__Collected material__:
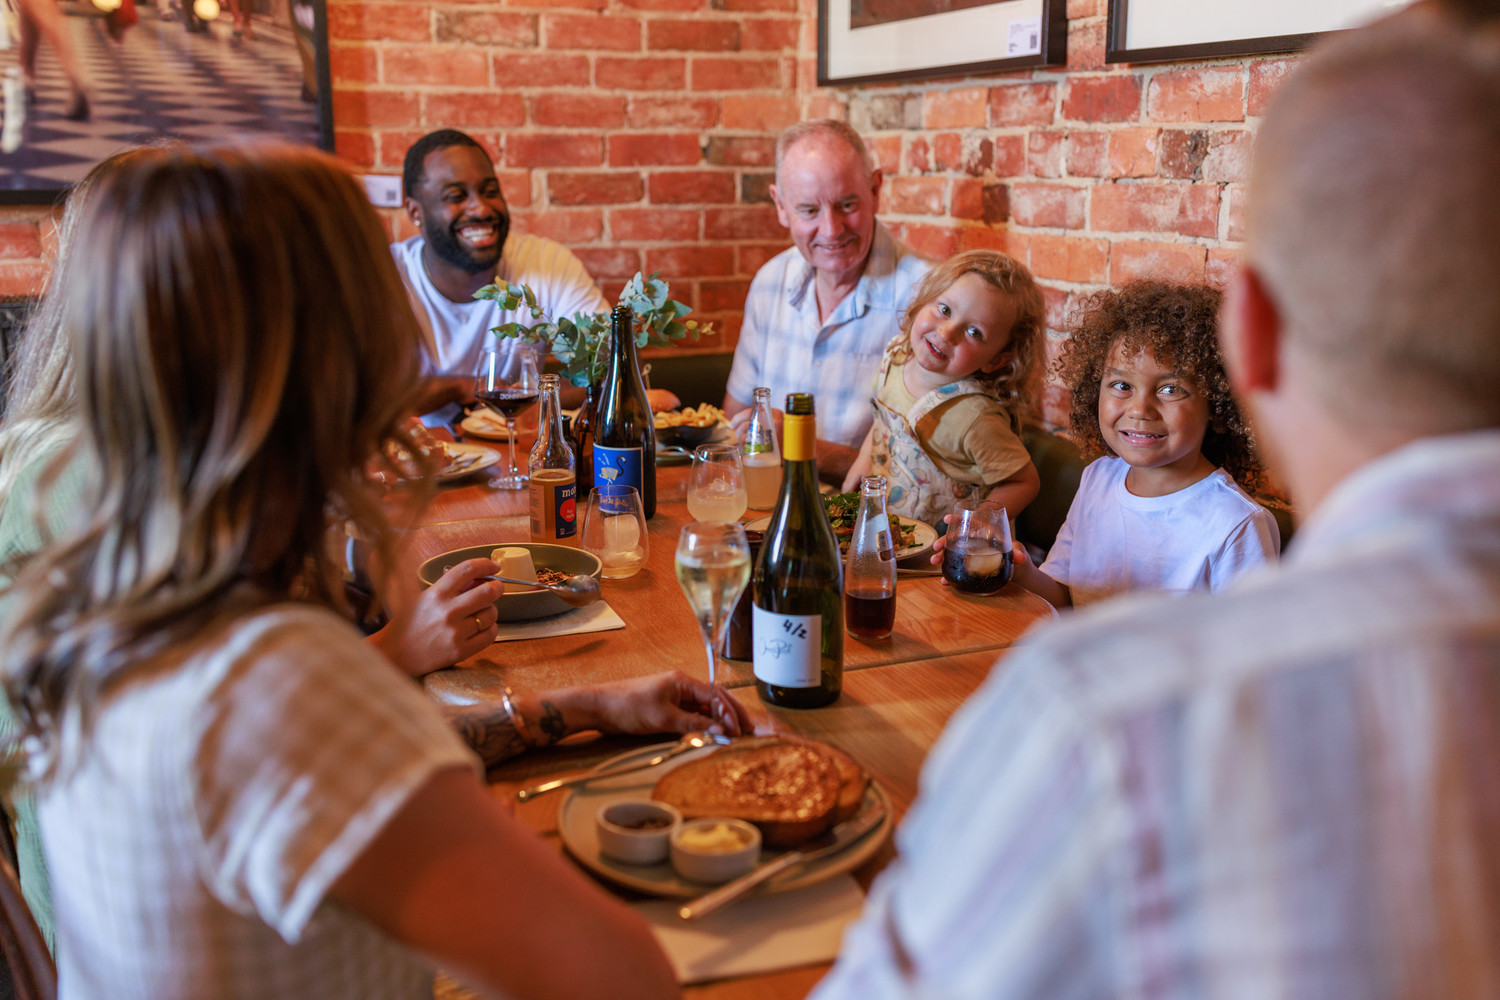 Generic photo group of people around a table sharing food and conversation
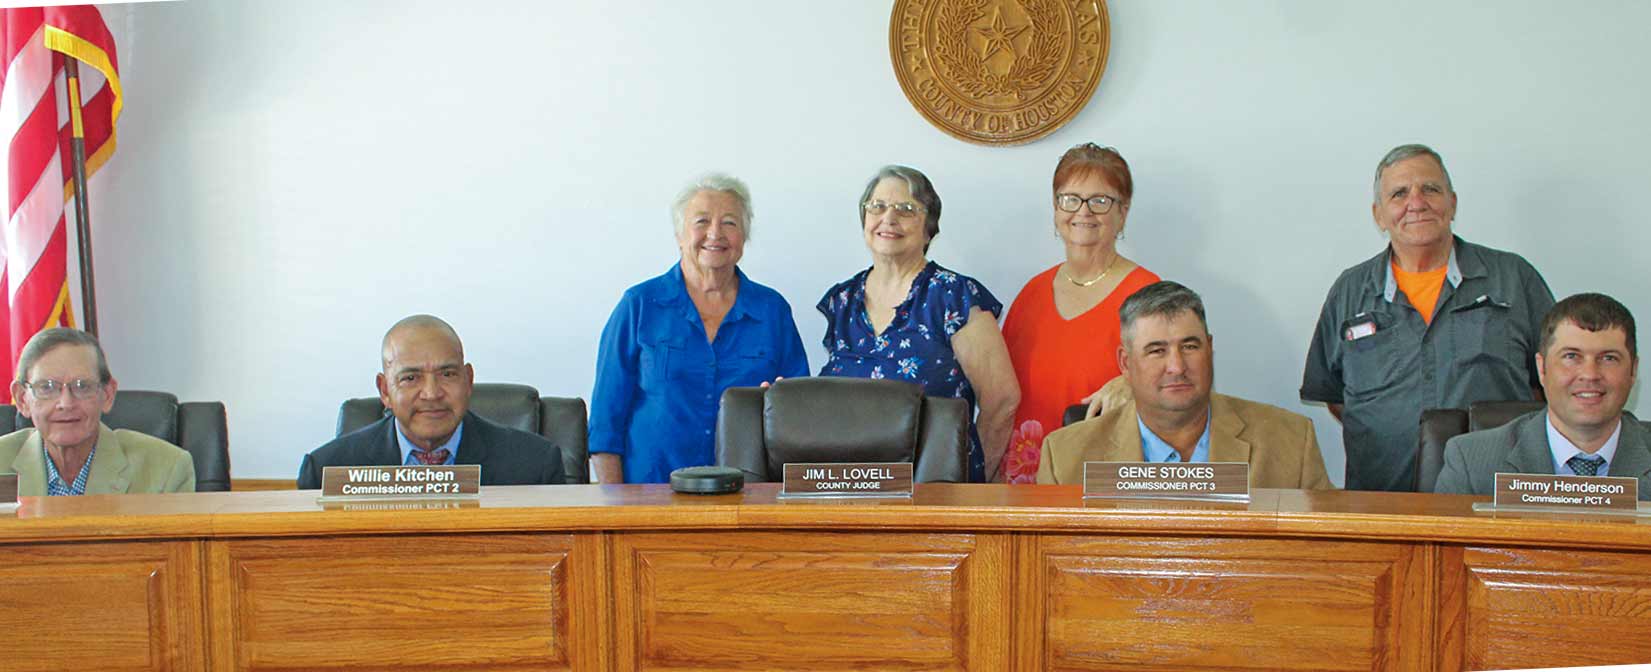 Members of the Houston County Historical Commission, pictured with the Houston County Commissioners, were presented a Distinguished Service Award from the Texas Historical Commission for their outstanding service during Tuesday’s Commissioners Court meeting.  (ALTON PORTER | HCC)
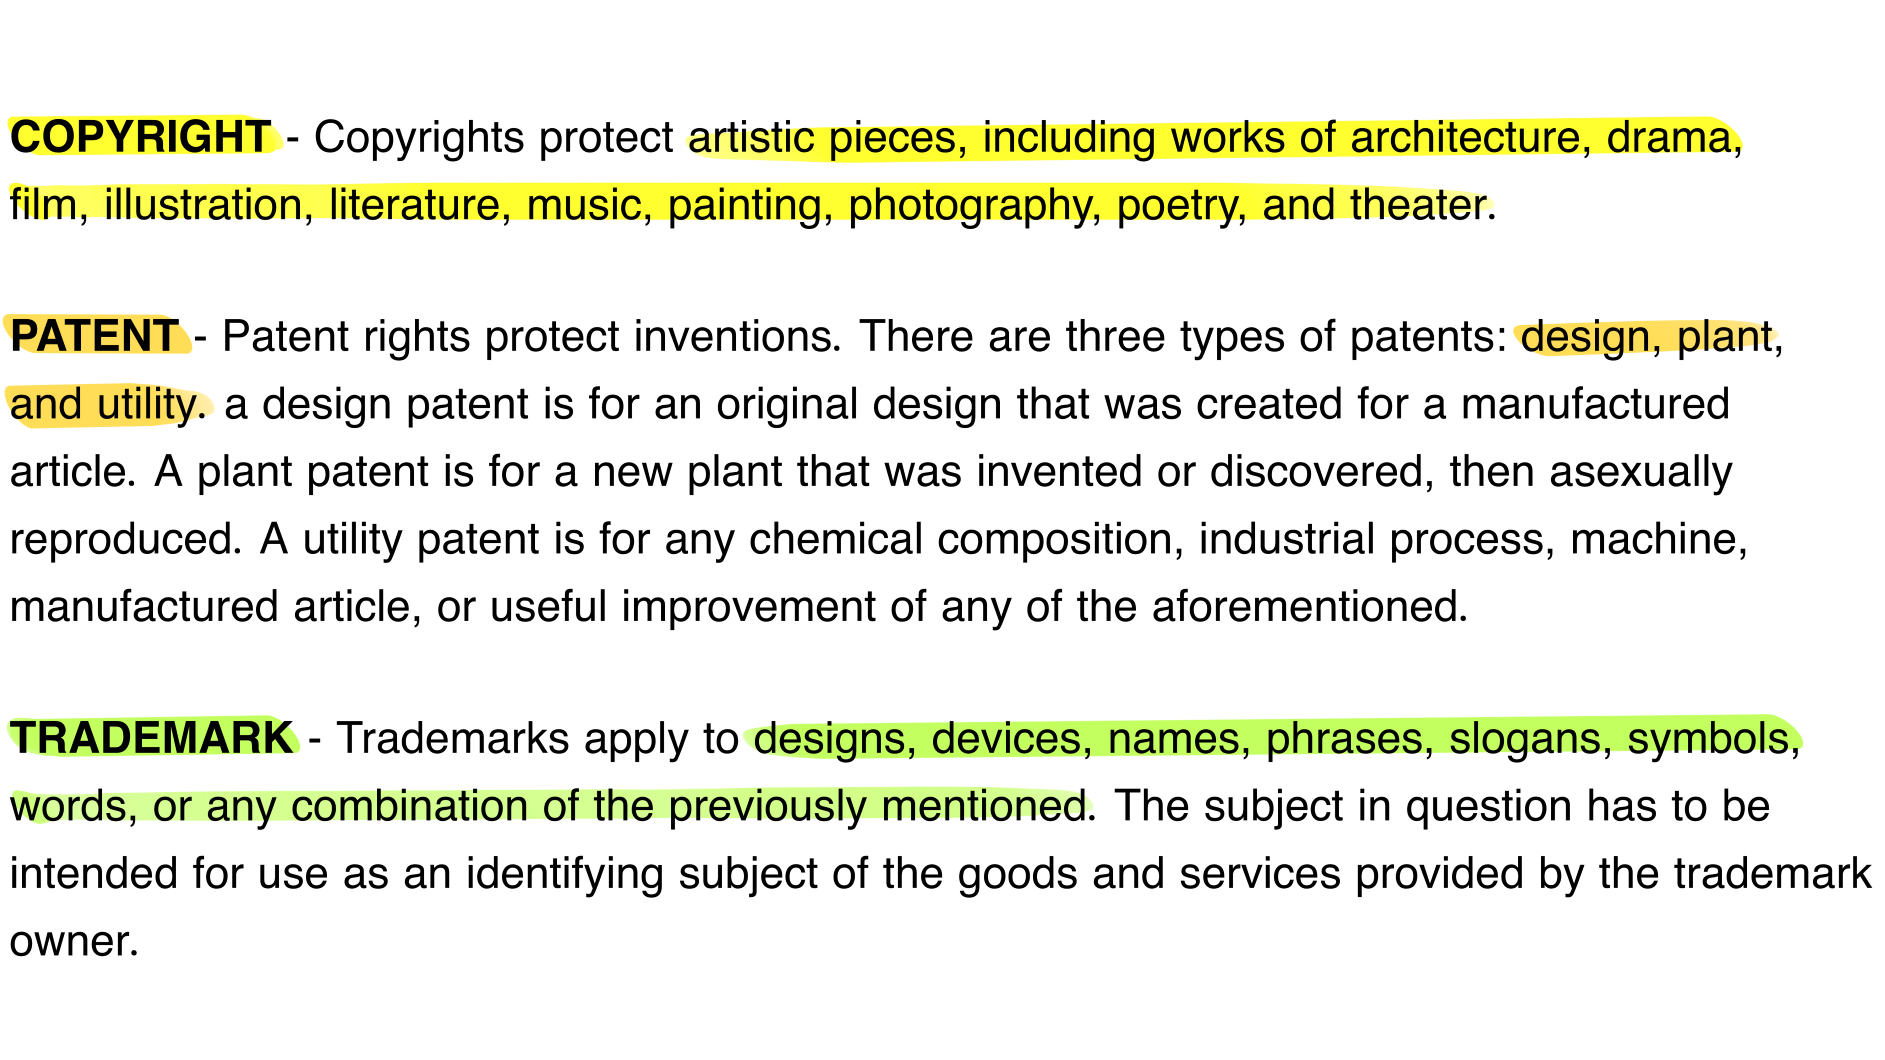 What property do these rights apply to, Copyright, Patent and Trademark

__Task goal__: Print the data above exactly, minus pictures.

__Task answer__:
 Generic photo group of people around a table sharing food and conversation
 Members of the Houston County Historical Commission, pictured with the Houston County Commissioners, were presented a Distinguished Service Award from the Texas Historical Commission for their outstanding service during Tuesday’s Commissioners Court meeting.  (ALTON PORTER | HCC)
 What property do these rights apply to, Copyright, Patent and Trademark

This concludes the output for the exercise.